A jury of 18 data specialists chaired by Per Nymand-Andersen (European Central Bank) selected the winners for each challenge:
CHALLENGE 1: A EUROPEAN GREEN DEAL – THE CARBONS (India)
This is a responsible food-lover´s dream app. It maps the carbon footprint of food items and helps users make environmentally friendly food choices.
CHALLENGE 2: AN ECONOMY THAT WORKS FOR PEOPLE – ITER IDEA (Italy)
Better mobility for young female professionals. The team of ITER IDEA presented a portal called Wonder Wanderlust Women that connects young women to career opportunities abroad by matching the user´s field of study, language skills and budget with job offers across Europe.
CHALLENGE 3: A EUROPE FIT FOR THE DIGITAL AGE – TrackMyEU (France, Italy)
This app helps the user explore and contextualise EU policies.

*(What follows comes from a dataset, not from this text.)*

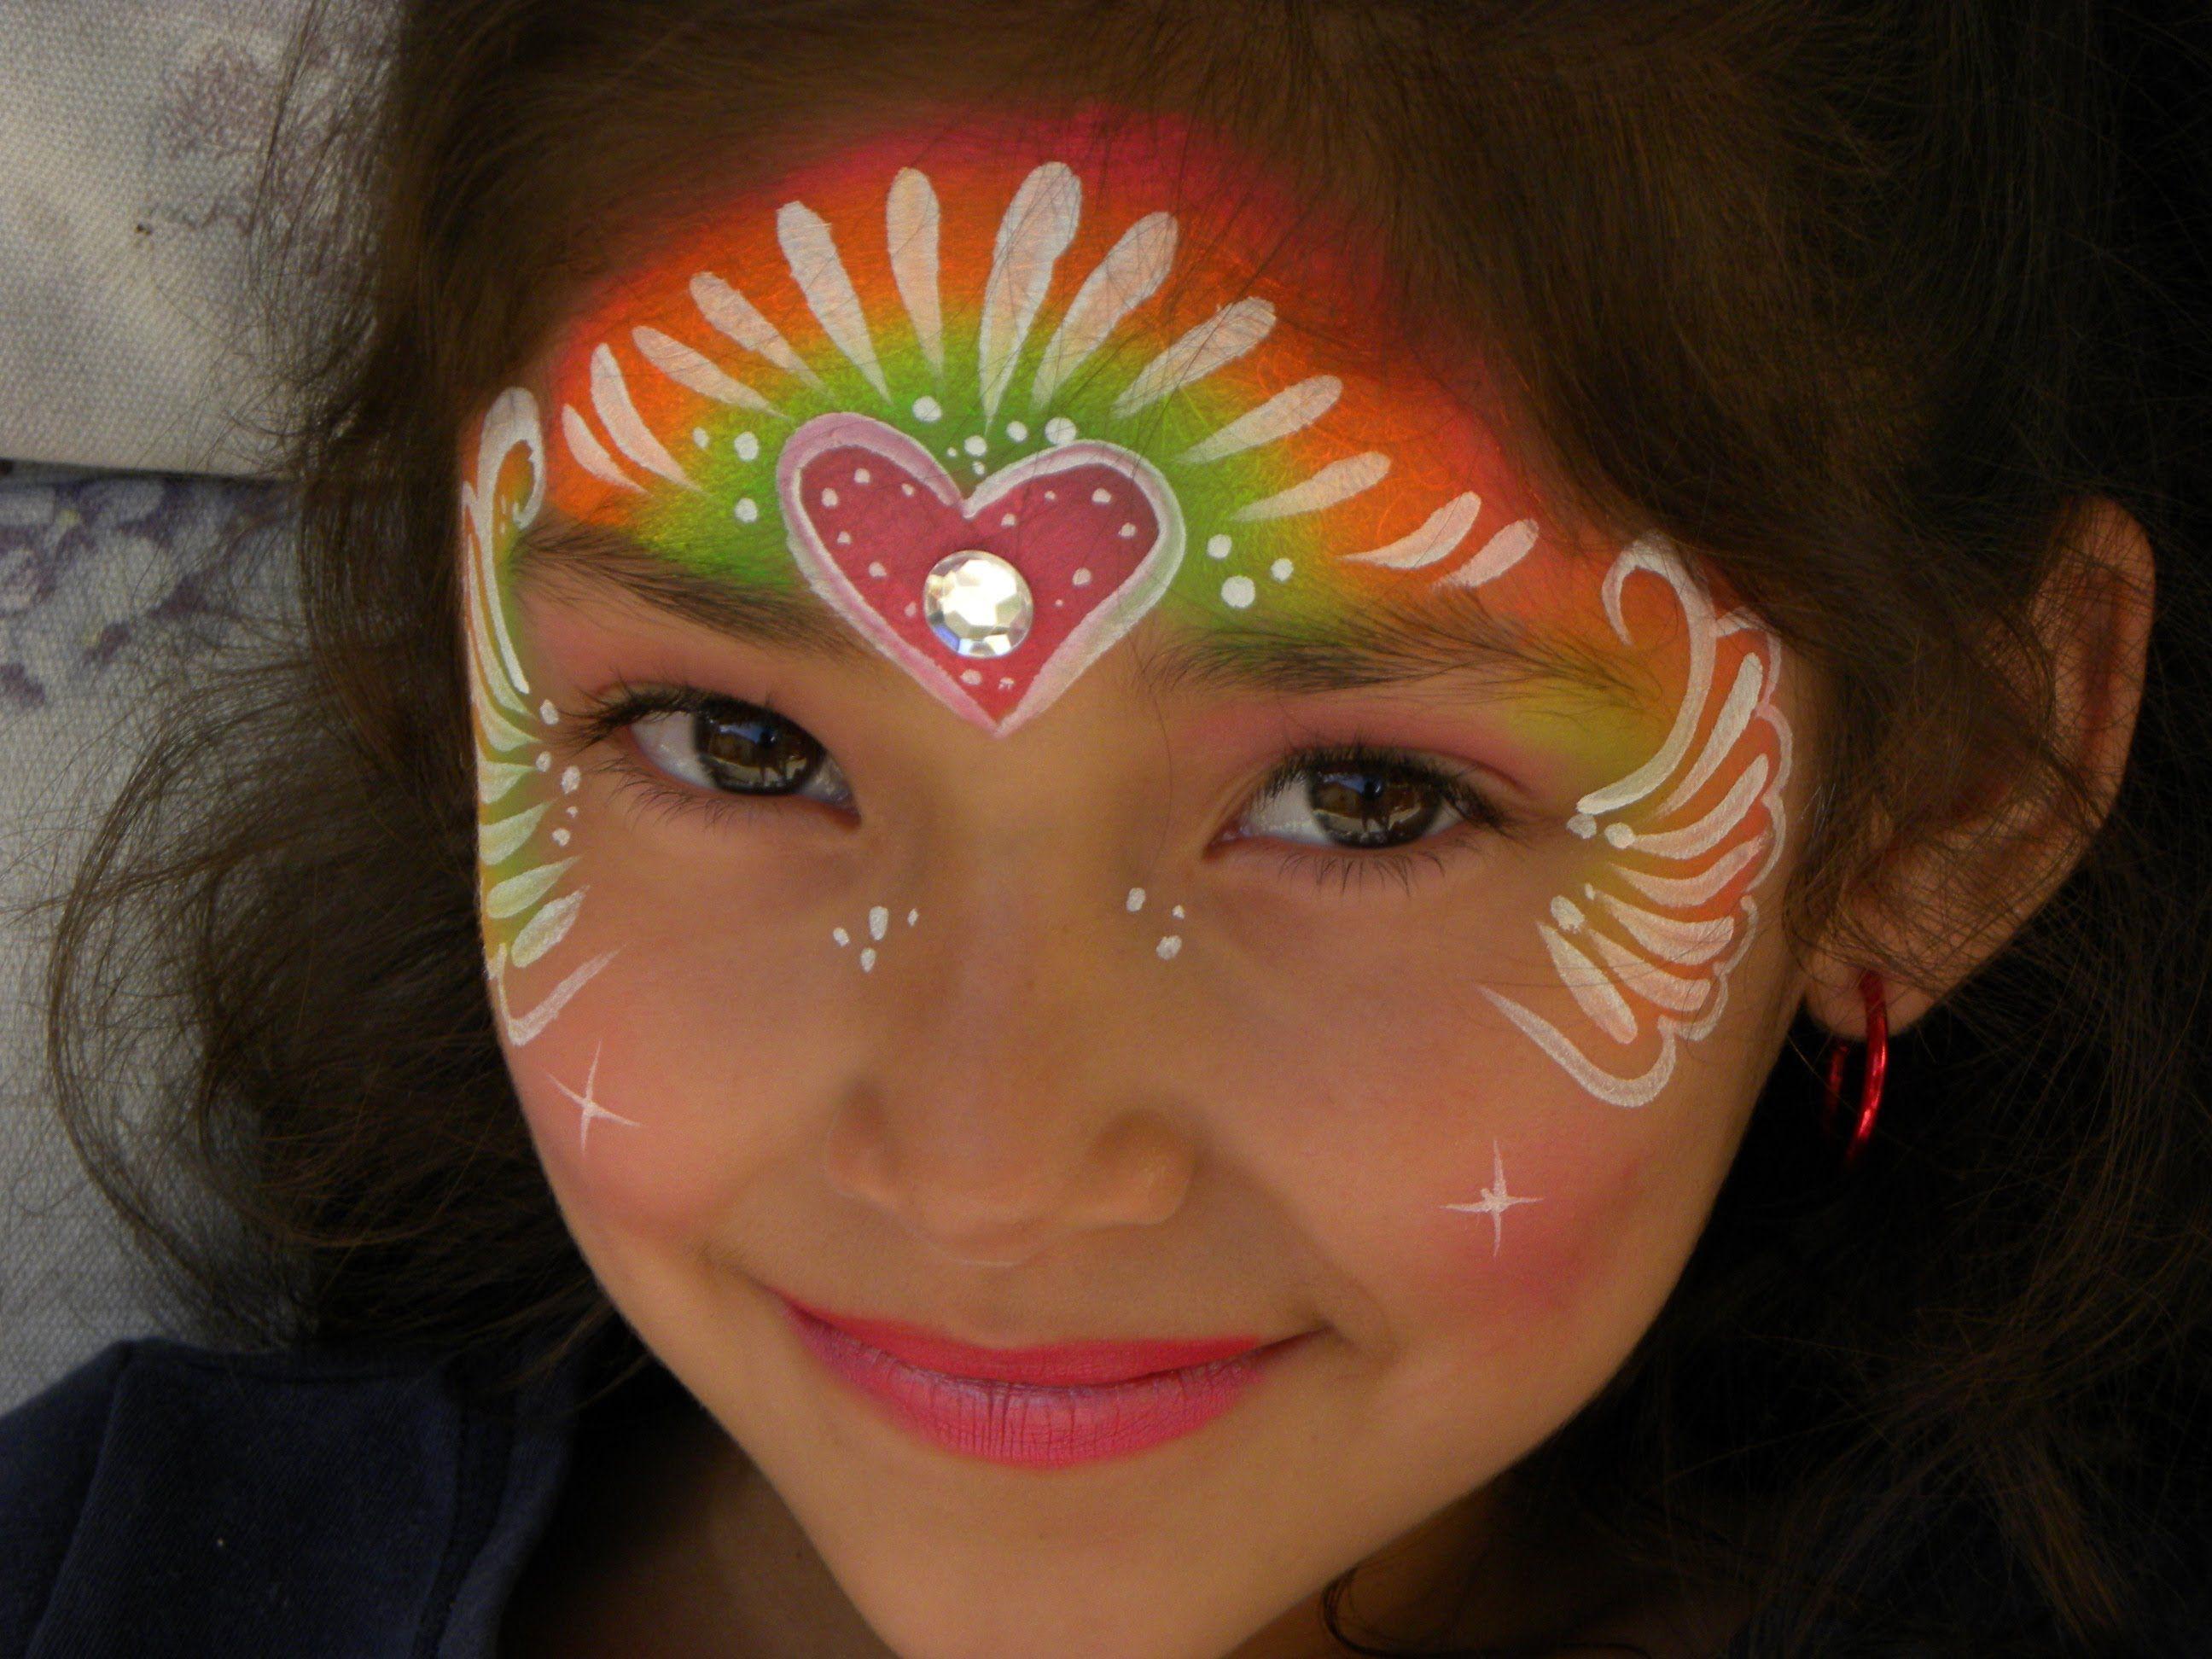 Princesa arcoiris con corazon pintacaritas para ni a - Pinturas de cara para ninos ...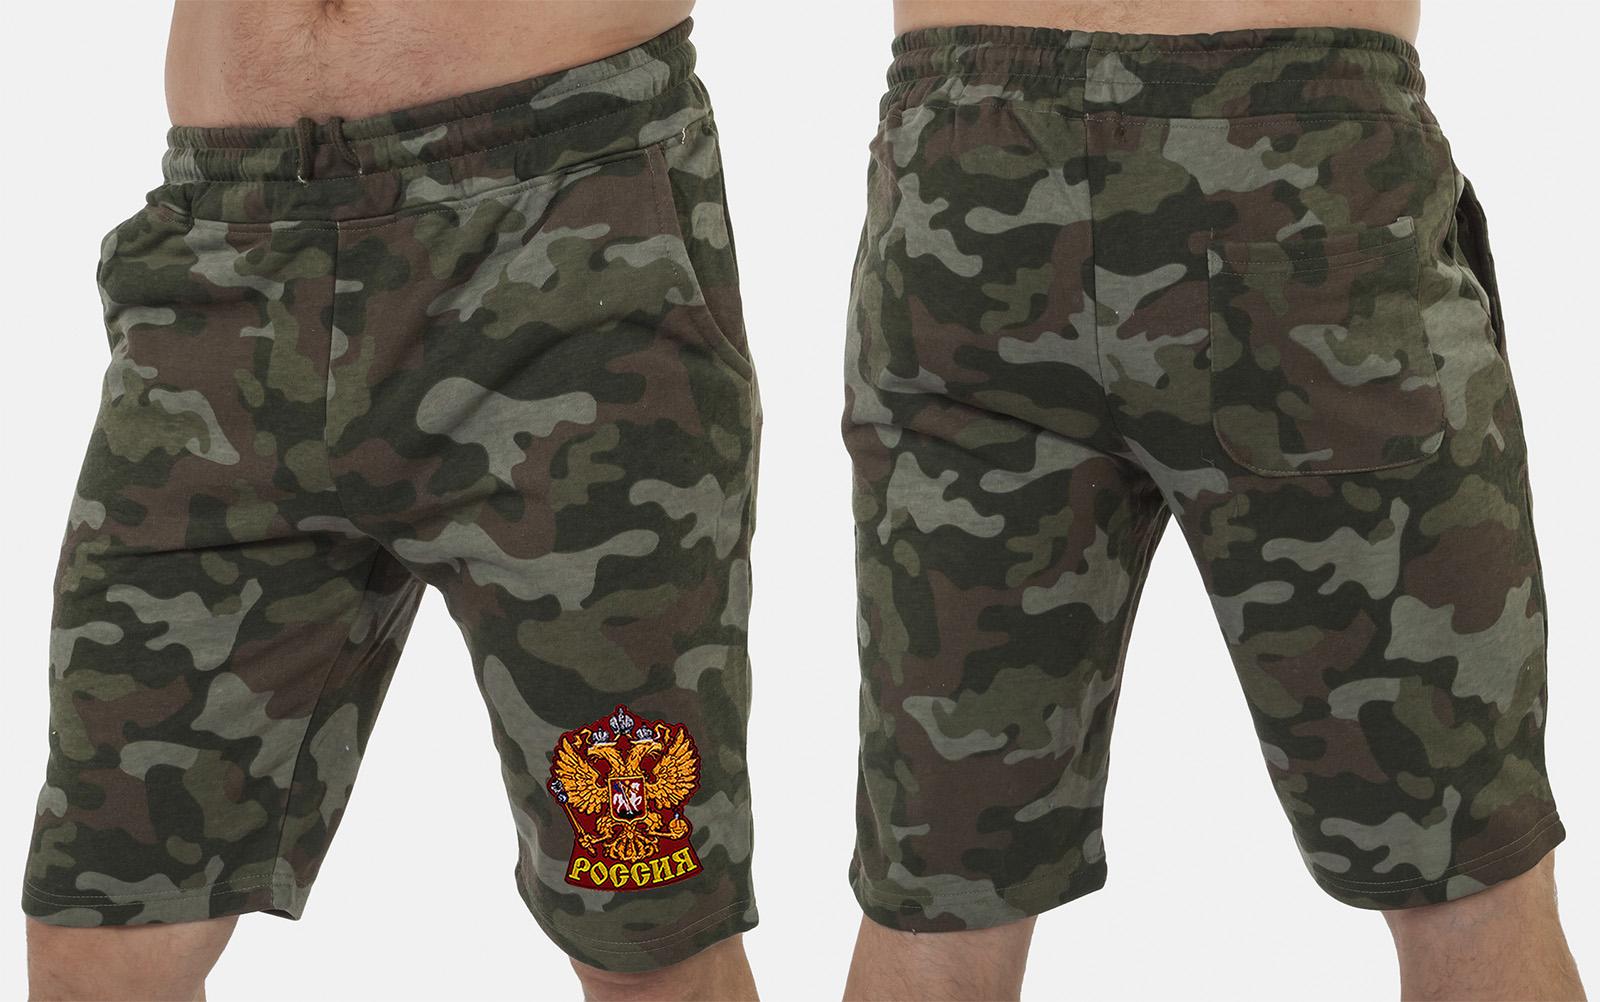 Военные милитари шорты с нашивкой Россия - купить онлайн

Information can be sorted, ranked, and filtered according to individual preferences.
The Public Choice Award was the last surprise of the day to be revealed, and after moments of suspense, it was bestowed on the team of ITER IDEA. The full results of EU Datathon, together with short videos about the finalist teams, are available on the EU Datathon site.
The EU Open Data Days in numbers
- A call for submissions of proposals for both parts of the event closed on 21 May 2021. It attracted 247 proposals.
- The 247 proposals came from 47 countries, including 24 EU Member States.
- The event attracted well over 2.000 registrations from data enthusiasts, experts and solution-seekers.
The EU Open Data Days were organised by the Publications Office of the European Union, with the active support of over 60 partners, representing the data providers from EU institutions and agencies, European national open data portal and national statistical offices, and key digital players in Luxembourg. The official press release and other promotional materials are available on the EU Open Data Days site. Video recordings of all contributions will soon be available on the same site.